At a launch event today in the US - featuring an appearance from actress Jessica Alba - Microsoft trumpeted the phone software that it hopes will compete with Apple's iOS and Google's Android.
A range of new smartphones running Windows Phone 8 are to go on sale on Friday (November 2), including models by Nokia, Samsung and HTC.
Existing Windows Phone customers will not be able to upgrade to the new operating system, but will instead get access to a Windows Phone 7.8 version, offering some but not all of the features. Microsoft has not yet indicated a launch date for this.
Microsoft's head of Windows Phone, Joe Belfiore, today took a swipe at iOS at the launch event, accusing Apple of creating a rigid format featuring rows of icons with its operating system, a model that, according to him, Google replicated with Android. Belfiore feels that Microsoft's system offers "a truly personal phone experience".
As with previous Windows Phone generations, the unique selling point is 'live tiles': icons that can be placed on the homescreen, and then will update in real-time with new information.
The latest software allows users to adjust the size of these icons, such as reducing them down to thumbnails, or enlarging them so that they stretch across the whole screen.
Users can arrange the 'Start' screen as they choose by 'pinning' their favourite apps, music, games and people to the homepage. Themes on the OS can also be tailored across 20 different colours, including cobalt and crimson.

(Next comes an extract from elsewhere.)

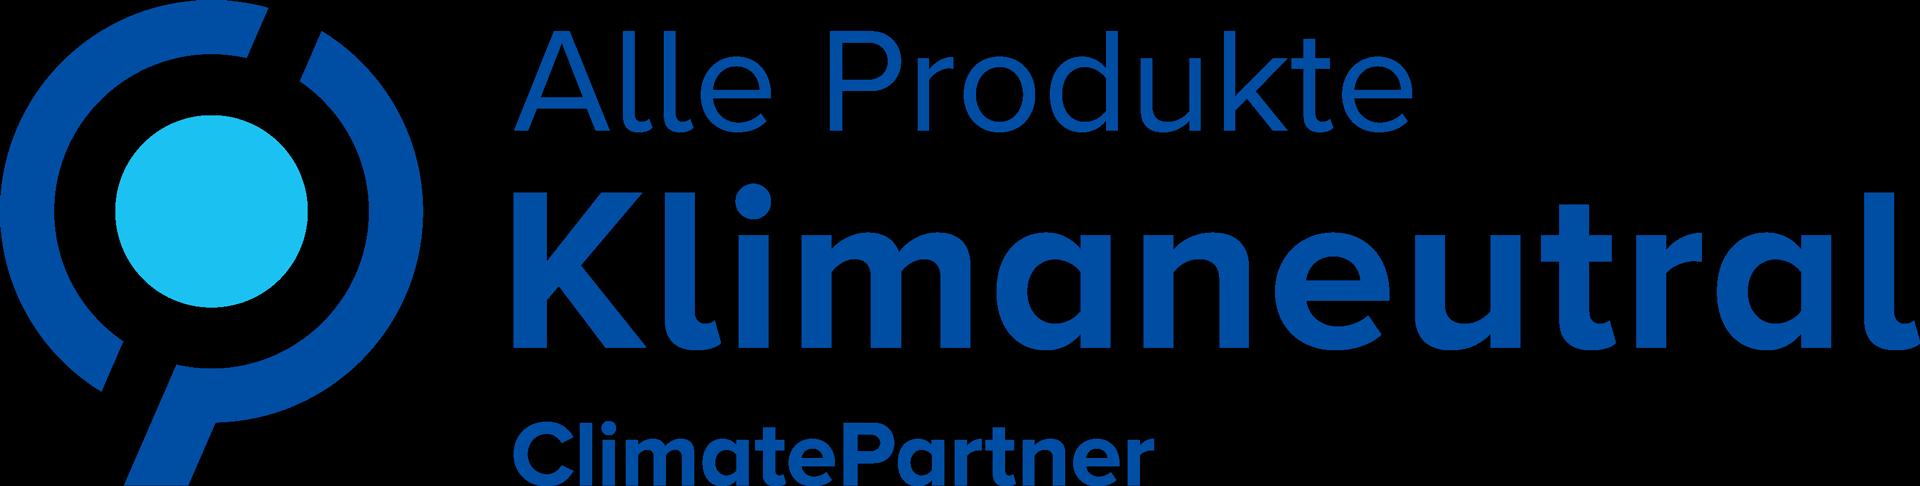 ClimatePartner - Alle Produkte Klimaneutral

Microsoft has engineered the Windows Phone 8 lock screen so that it can be integrated with Live Apps. For example, Facebook can be linked to the software so that it displays information such as status updates while the phone is locked.
The biggest issue facing Windows Phone in the past has always been apps, as this is where the software is the poor relation to iOS and Android.
Microsoft says that it now has 120,000 apps in the Windows Phone store, a fraction of its competitors' libraries, but the company has signed up 46 of the 50 most popular apps for Windows Phone 8.
New apps coming to the platform include Angry Birds Star Wars, Cut the Rope Experiments, Disney's Where's My Water, LivingSocial, Temple Run, Urbanspoon and Pandora, the internet radio service which Microsoft will offer in early 2013 to customers for an entire year with ad-free music.
However, the absence of the Facebook-owned photo-sharing app Instragram will be disappointing to many users. Instead of Google Maps, the software again runs Nokia Maps.
Other new features on the OS include Rooms, a way to share and chat with a group of other users in a mini, private social network.
Users can share calendars, shopping lists and photos with only those who are invited. The service supports access with users on other smartphone platforms, such as the iPhone, although they don't get the same experience as on Windows Phone.
Kid's Corner is a way for parents to give their children access to their smartphone without them doing anything they shouldn't.
The app, praised at the launch event by Alba, gives kids their own closed interface with only apps approved by their parents. They also get their own camera roll.
Data Sense allows people to manage their mobile data consumption to maximise their tariff plan. It compresses Web images, defers data tasks to free WiFi where available and automatically adjusts the phone usage when the user is close to their data plan limit.
Microsoft claims that the average person will get 45% more web browsing on their data plan by using Data Sense.
Windows Phone 8 also features greater integration of Near Field Communications, including a wallet application for storing debit, credit, loyalty and membership card information for wireless payments and transfers.
The Microsoft-owned Skype will be an "always-on" experience on Windows Phone 8, enabling users to make and receive Skype calls in the same way as a regular phone call.
Friends and family members can be Skype-called direct from the People Hub, and Skype is always on and ready to accept a call.
Microsoft has also integrated Office, Xbox Games and the new Xbox Music service into the operating system, as well as Skydrive, with all users offered 7GB of free cloud storage to place photos, videos, documents and other files.
A range of phones has been produced for the Windows Phone 8 launch - the Windows Phone 8X and 8S by HTC; the Nokia Lumia 820 and 920; and the Samsung Ativ S.
The handsets will go on sale in Microsoft stores and selected retailers this Friday (November 2), with SIM-free pricing to be confirmed at the launch.
Mobile network EE will exclusively offer the Nokia Lumia 920 in the UK from November 9, including a version that supports EE's new 4G network that goes live tomorrow. EE will also offer the Windows Phone 8X and 8S by HTC.
O2 will offer its customers the Nokia Lumia 820, Samsung ATIV S, and the Windows Phone 8X and 8S.
Three will range just the two HTC handsets, while Vodafone will offer the HTC phones and the mid-range Nokia Lumia 820.
From later this month, retailer Phones4U will sell the Nokia Lumia 920 and Lumia 820, along with the Samsung Ativ S and the Windows Phone 8X and 8S.
The Carphone Warehouse will offer the Nokia Lumia 820 and the two HTC Windows Phones.